昨日の投稿でも触れた882Oバランサーのネジの締め具合ですが、その日の自分の調子によってベストな締め具合が違うということを書きましたが、自分の調子以外にも演奏する部屋の響き方によってもベストなネジの締め具合が違うようです。この数日の検証では、広くてよく響く部屋ではネジをキツく締めた方が良く、逆に狭く響かないデッドな部屋ではネジを緩めにした方が良さそうです。もっと具体的に説明すると、広く響く部屋では、ネジをキツく締めることによって、主管近辺での響きが抑えられることにより、硬質でブライトな力強い音色となり、部屋全体を響かせることが出来ます。

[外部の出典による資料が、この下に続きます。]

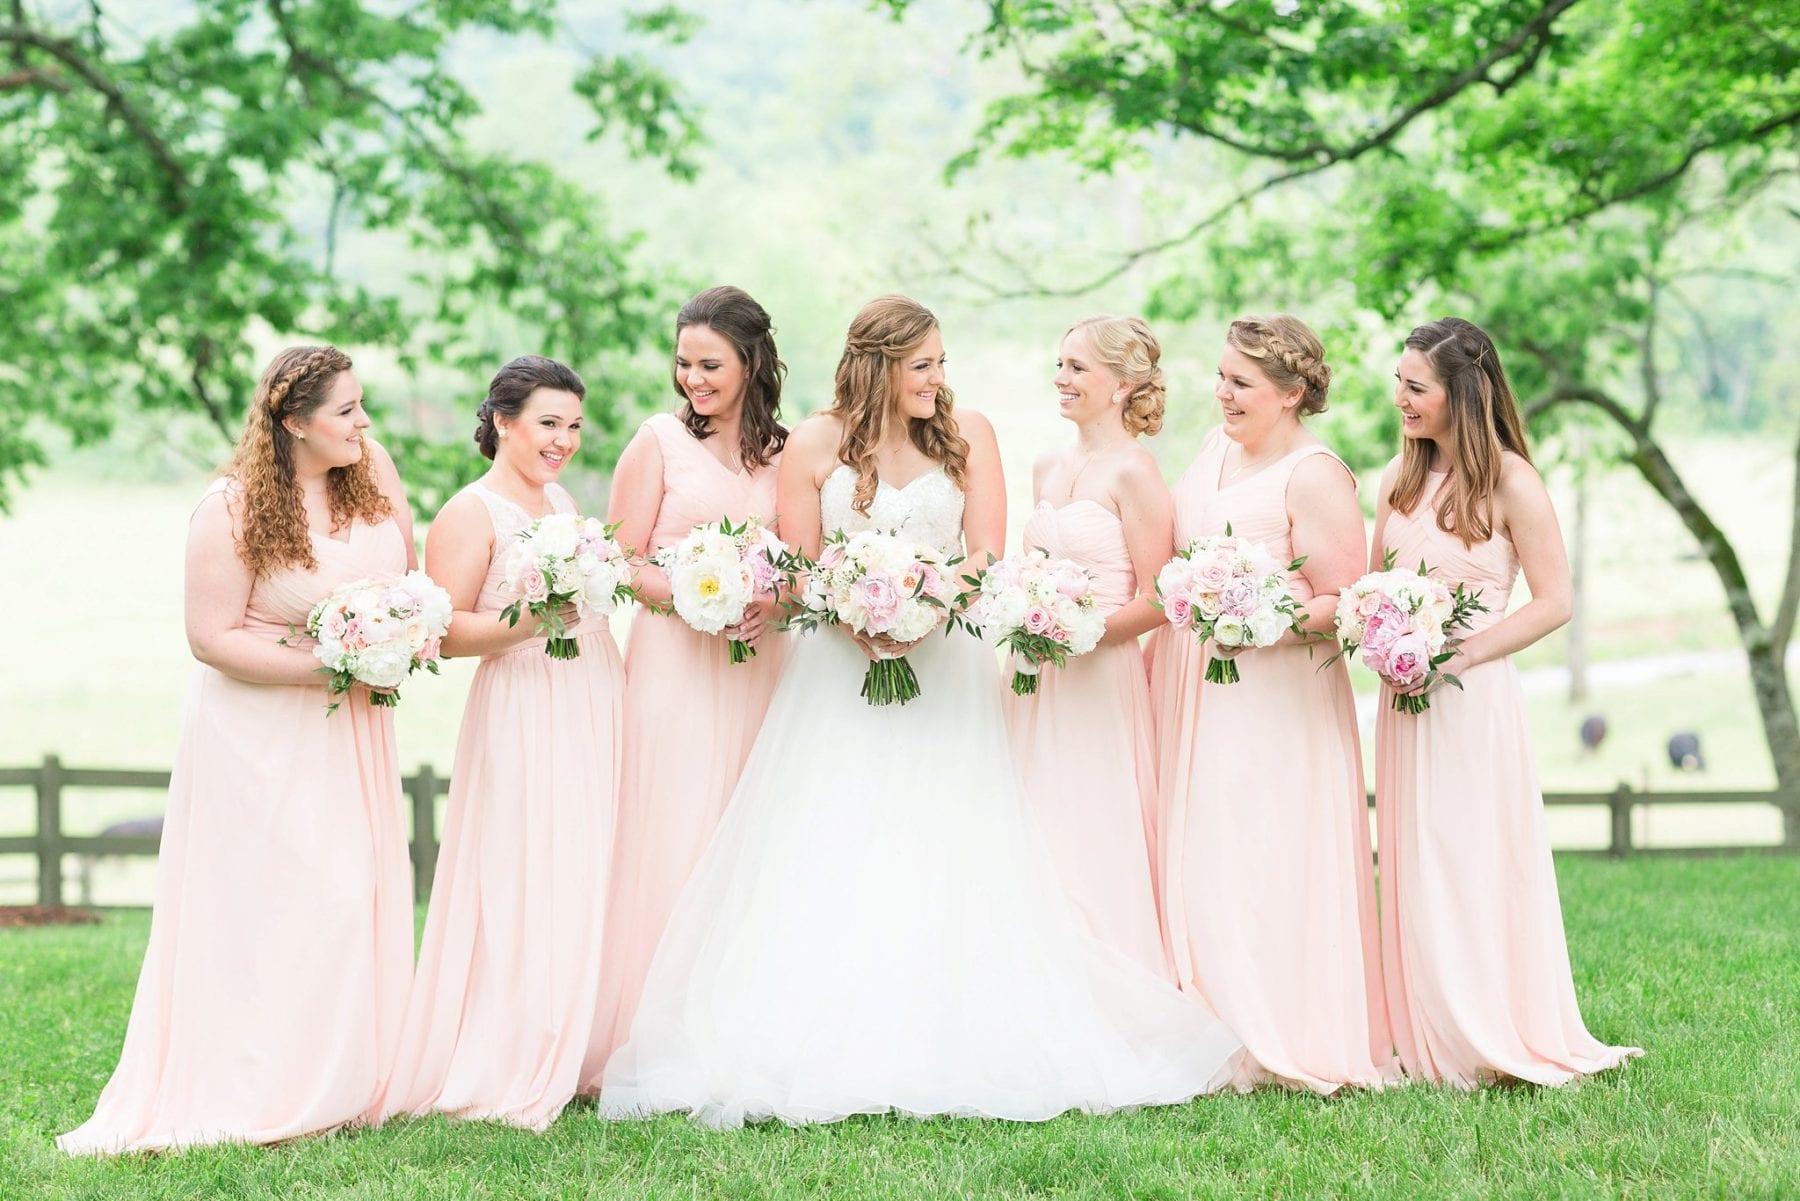 Justin & Megan Big Spring Farm Wedding Photos-150.jpg

その反対に、狭く響かない部屋では、ネジを緩めて抵抗を弱め、主管近辺で響きを解放する(響かせる)ようにすることにより、柔らかくて太い音色となり、耳ざわりの良いソフトな音色となります。おそらく、他人に聞こえる音としては、それ程の差は無いのかもしれませんが、吹いている本人にはネジの締め具合の違いによる音色、吹奏感の違いはかなり大きく感じます。特に狭く響かない部屋で吹く時にネジをキツく締めていると、もの凄く強い抵抗感があり、吹きにくく感じます。
更にネジの締め具合では、以下の画像のような締め具合と、
こちらの画像とでは、
2番目の画像の方が1/8回転(3mm程度)だけネジを緩めているのですが、たったこれだけの違いでも音色、吹奏感は随分と違います。

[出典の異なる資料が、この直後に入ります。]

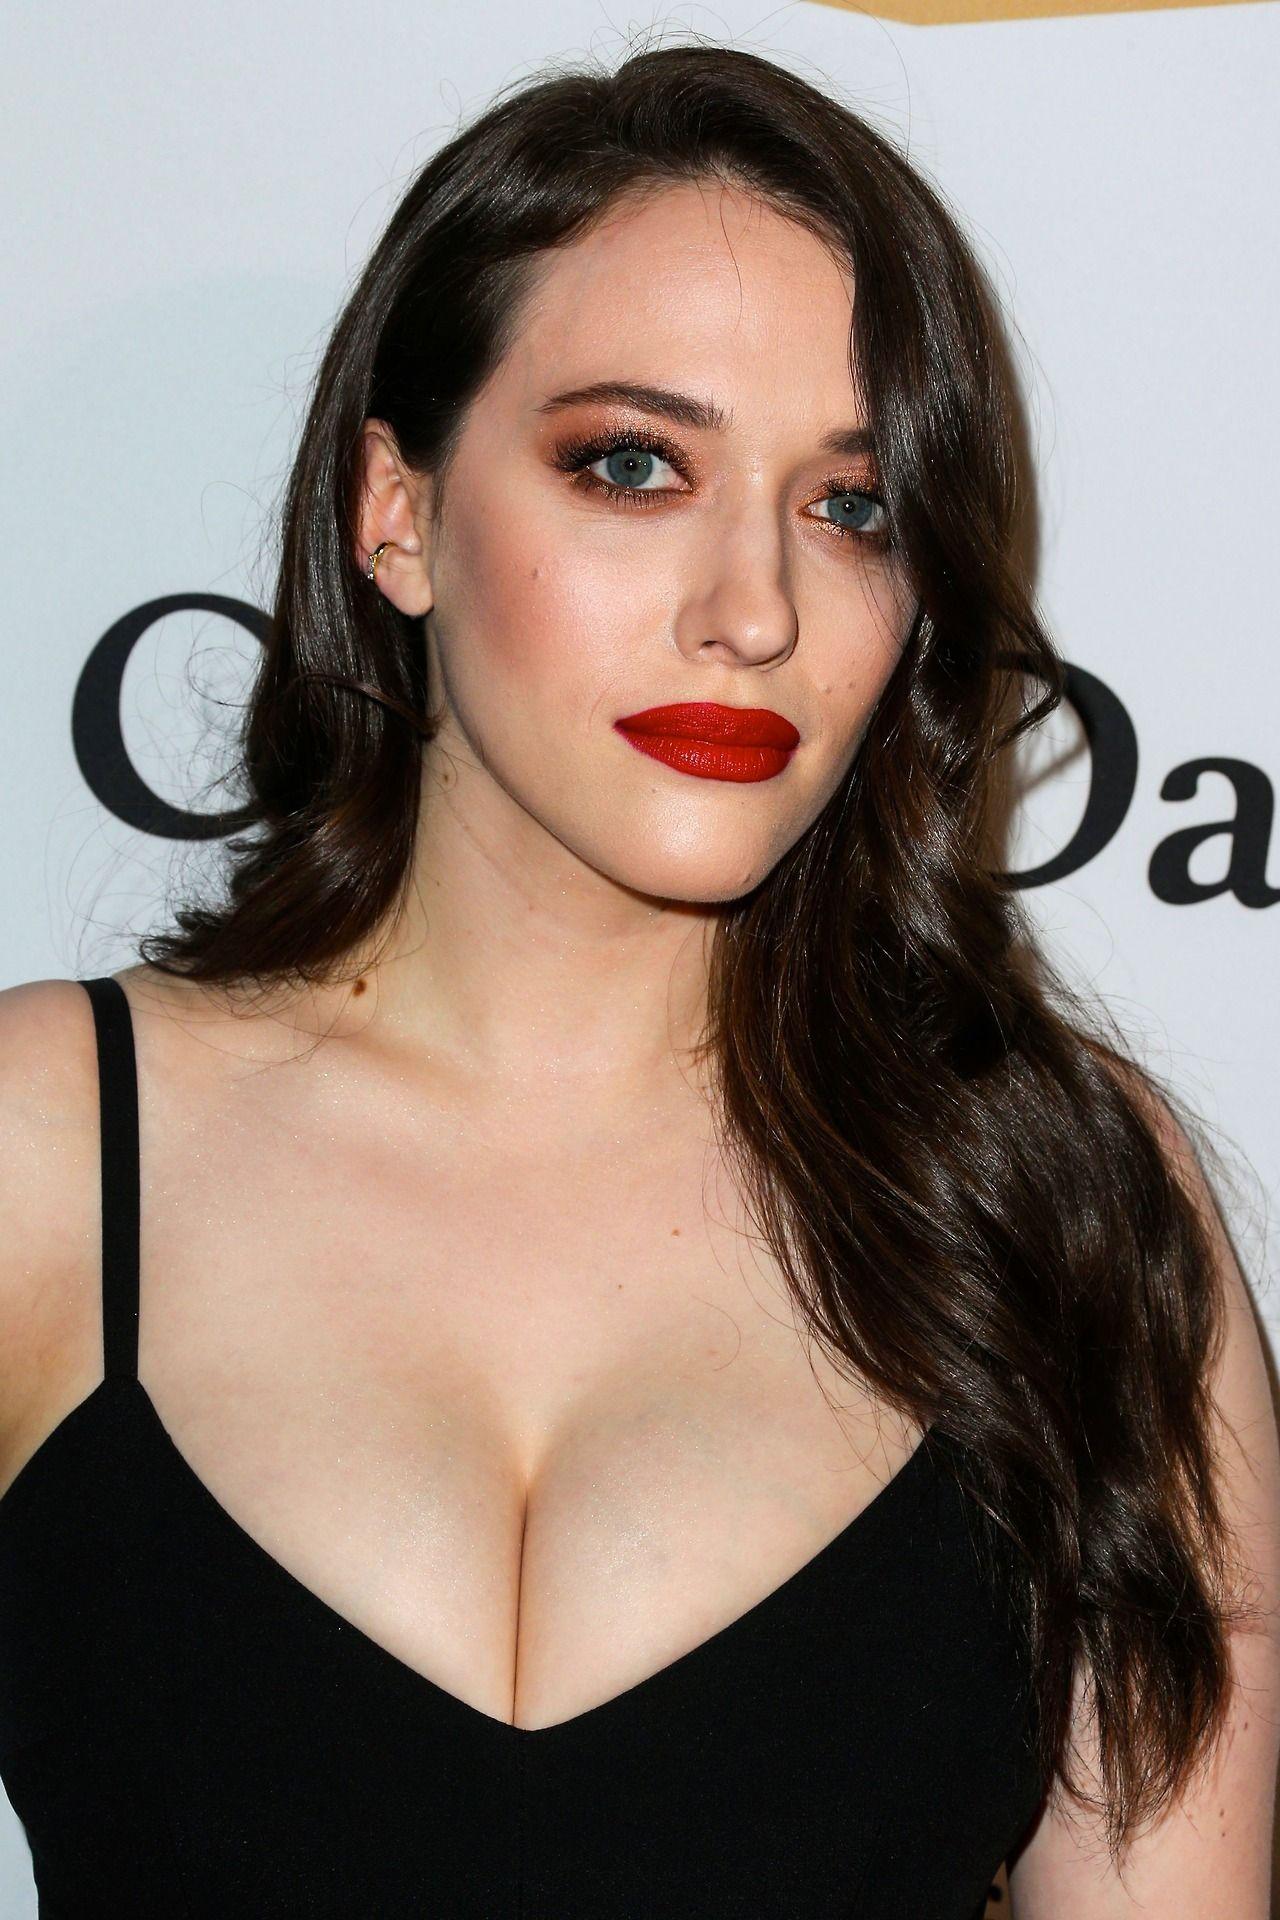 Paparazzi Megi Koleva nude (39 photo), Ass, Is a cute, Boobs, panties 2019

「そんな、3mm程度のネジの締め具合で音色は変わらんでしょ!」と思う人もいると思いますが、697Zという楽器は繊細な楽器なので、ほんのちょっとした調整の違いだけでも音色、吹奏感に影響するんですよねぇ。それだけに、とても繊細で微妙な表現を出しやすい楽器とも言えます。そんな所が僕が特別に697Zを好む理由です。このような繊細さは残念ながら現行モデルの897Zでは薄れてしまっています。
ネジ締めのたった3mmの違い(本当は1mmでも違いますが)にこだわる所は、やはりマスタリングエンジニア気質の部分が影響しているのかもしれませんね。実際、マスタリングの仕事では、顕微鏡で音を見るような非常に微妙な音質調整が必要ですからね。
引き続き、ネジのベストな締め具合について研究します。
夏休みは無いけど、今年の夏の自由研究テーマです。